Coding convention¶
Reasoning¶
It is important to have consistency across the codebase. This won't necessarily make your code work better, but it might help make it more understandable, less time-consuming and less irritating to go through when doing a code review of your changes.
While to some this will seem like a nuisance, with no real benefit to the actual code, and while we do understand this point of view, we think that reading diff
-s should be quick and easy. Accepting a pull request requires for it to be code reviewed first which, in term, means going over the code and figuring out what is what, why the change makes sense and whether, or not it will impact something else. All of this takes time, which, of course, is a commodity.

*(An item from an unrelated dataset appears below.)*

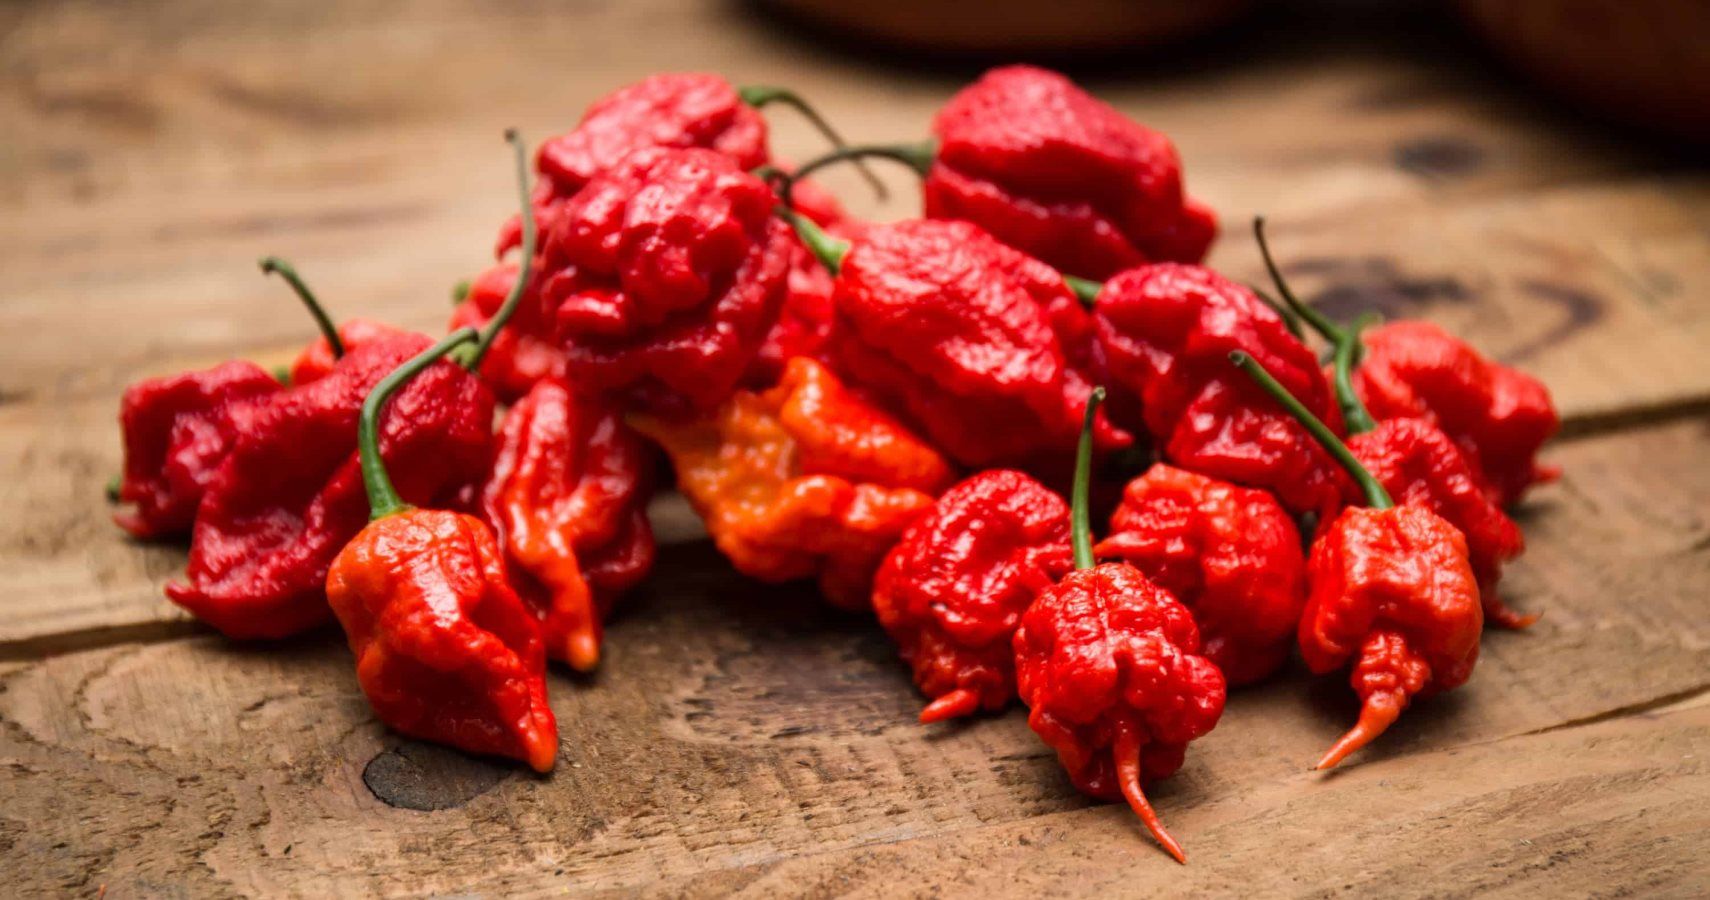 World’s Hottest Pepper Will Burn Your Mouth And Give You A Headache

Formatting Rules to Follow¶
- Use four spaces, instead of a tab.
- Make sure files have an empty line at the end.
-
Within methods, please try to leave lines between logical units of code to improve readability.
Acceptable and preferred
int i = 5; int j = 6; int k += i + j + 7; logger.debug("k = " + k); k += i + j + 7; logger.debug("k = " + k); try { doSomethingThatMightThrowAnException(k); } catch (TheException e) { logger.error(e.getMessage(), e); } logger.debug("k = " + k);
Please avoid writing code like this
int i = 5; int j = 6; int k = 7; logger.debug("k = " + k); k += i + j + 7; logger.debug("k = " + k); try { doSomethingThatMightThrowAnException(k); } catch (TheException e) { logger.error(e.getMessage(), e); } logger.debug("k = " + k);
-
When re-indenting code, please make a single commit with just the indentation changes and make sure you describe that this is just an re-indentation change in the commit message. Mixing reformatting and actual functional changes in the same commit makes things much more obscure to track and figure out.
-
Don't reformat entire files, unless absolutely necessary! This makes it harder (and more time-consuming) to check what changes you've actually made.
-
Try not to re-order code imports. Sometimes, while optimizing imports this is not possible, but re-ordering a long list of imports can make a diff hard to read.
Code Example¶
Please, consider the following an example of how to indent your code.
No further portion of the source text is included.